Lidle would probably have loved that, his friends said.

“After the plane crash, it really touched our community,” said Chris Freeland, assistant to the West Covina city manager and a fan who has visited 30 American baseball parks. “The statue was our way of saying, ‘How can we give back to his family?’ ”

The planned sculpture is only the latest of several memorials or events in or involving West Covina to honor Lidle since the crash.

In October, more than 1,000 mourners attended his West Covina memorial service. Just weeks later, there was Lidle’s namesake celebrity poker tournament in Las Vegas over Thanksgiving weekend, which city officials attended and which raised thousands of dollars for the Make-a-Wish Foundation, said Bletcher and Melanie Lidle.

Sports tournaments around town have also raised money for charities in the athlete’s name.

In addition to the statue, the city is naming one of three streets around the ballpark Lidle Way. (The others will be named after Tom Brunansky, another West Covina baseball player who went pro, and Giambi.)

Advertisement

Bletcher said the National Transportation Safety Board just days ago gave Melanie Lidle photographs from a camera found in the plane that showed the Statue of Liberty and Manhattan skyline. The cause of the crash, and which man was piloting the aircraft at the time, have not been determined. No other injuries were reported in the crash.

The NTSB investigation found that neither Lidle nor his flight instructor, Tyler Stanger, 26, of Walnut, had drugs or alcohol in his system. Lidle was a licensed pilot and a friend of his instructor, Bletcher said.

On Monday, Bletcher was with Lidle’s son and widow, the athlete’s twin, his parents and others as the Yankees honored Lidle during opening-day ceremonies marking the start of the 2007 baseball season.

The black bands on players’ arms that day will be worn all season in Lidle’s memory. His locker will remain unused, Bletcher said.

In an emotional pregame ceremony that had veteran ballplayers wiping their eyes, the team announcer introduced “No. 30” as if Lidle were about to trot out onto the pitching mound one last time.
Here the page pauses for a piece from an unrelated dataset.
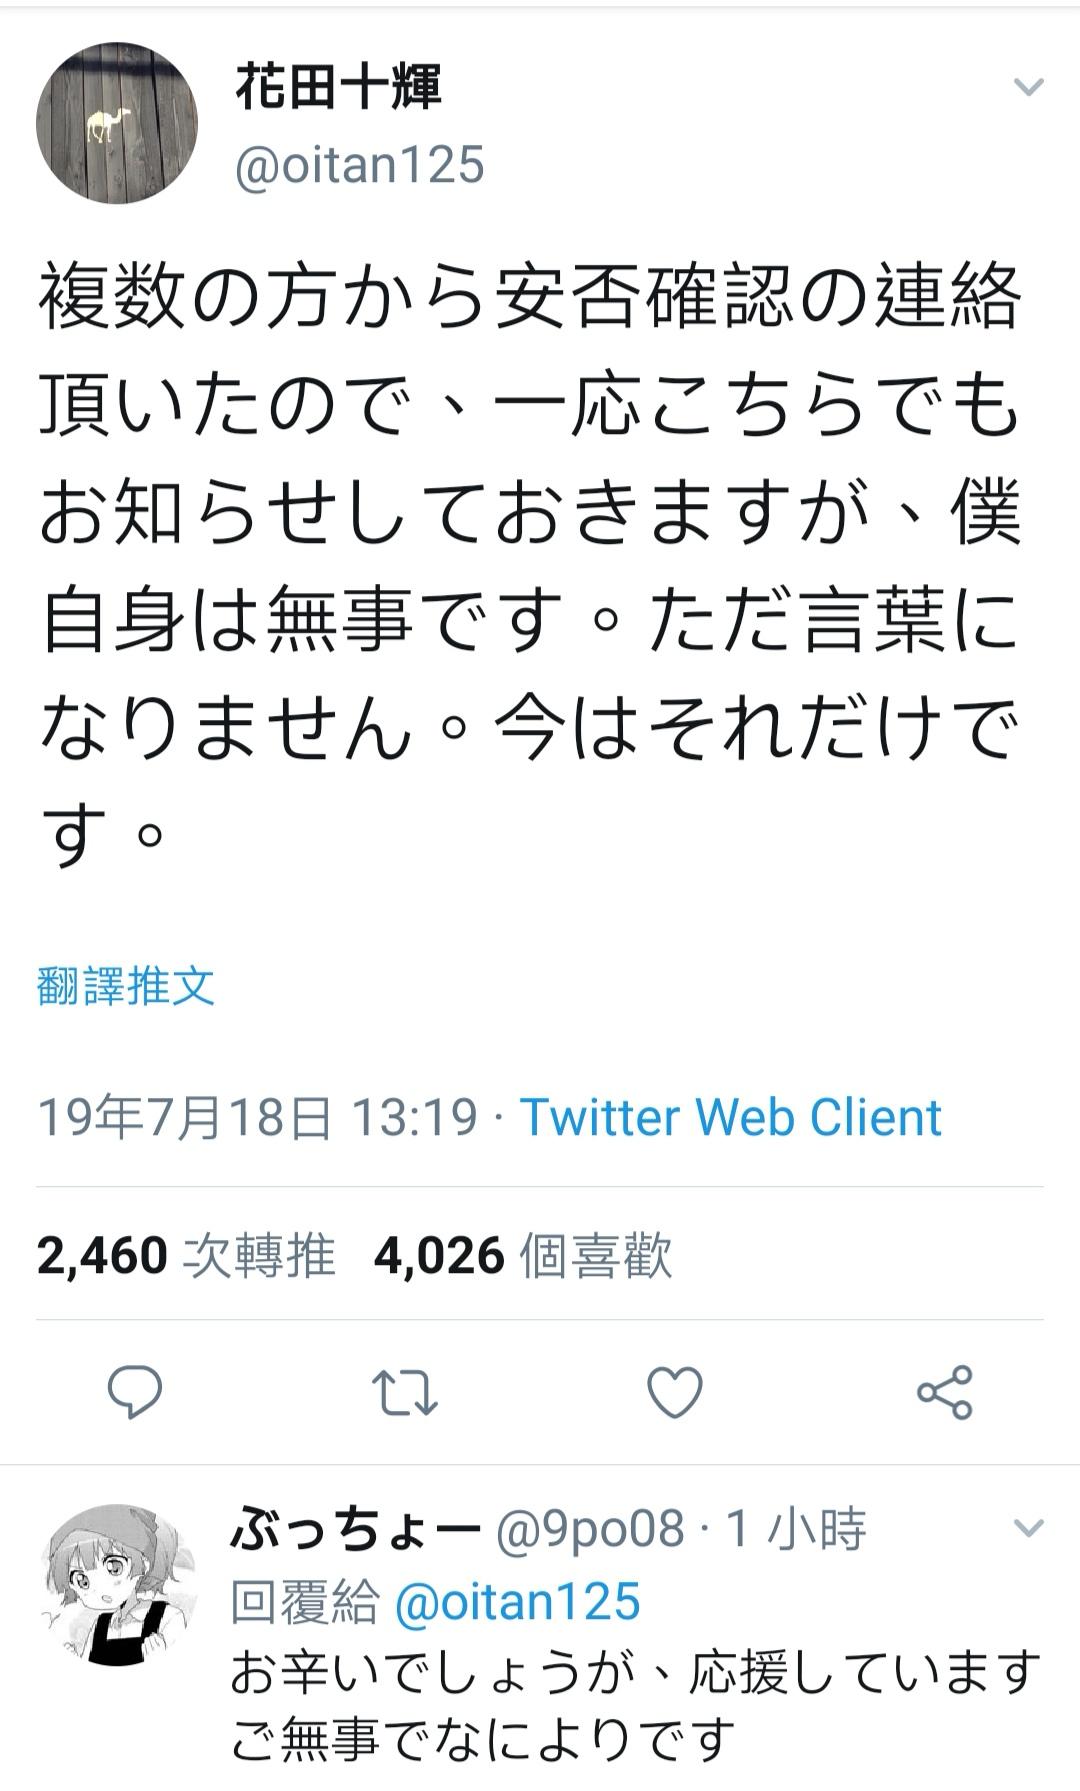 https://upload.cc/i1/2019/07/18/E9ZBD2.jpg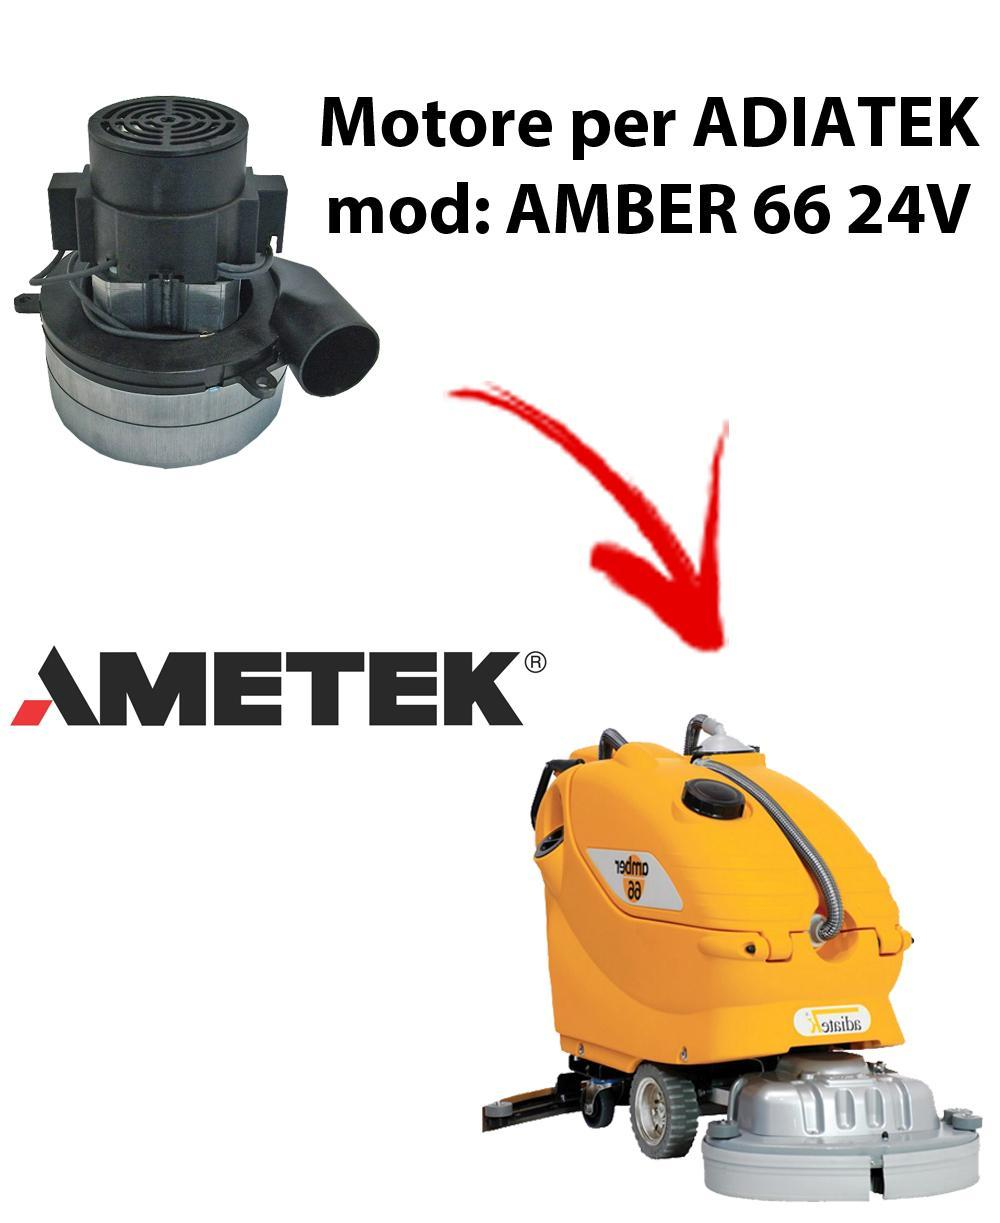 Amber 66 - 24 volt Vacuum motors AMETEK Italia for scrubber dryer Adiatek

Wearing Yankee blue caps, Melanie and Christopher threw out ceremonial first pitches -- both of them strikes -- and the sellout crowd gave them a standing ovation.

Advertisement

Even though Lidle had played for several teams, including the Oakland A’s and the Philadelphia Phillies, and was on the road during the baseball season, he and Melanie were set to build a custom home in West Covina, where they had met in middle school.

Theirs was a friendship that lasted past graduation from South Hills High and bloomed into romance two years after that, she said Thursday.

The move to West Covina has not been canceled, but for now, mother and son are remaining at the Glendora home, where the kindergartner is most secure.

But Christopher has started Little League, and it is, of course, in nearby West Covina.

“Where else would he play?” Bletcher said.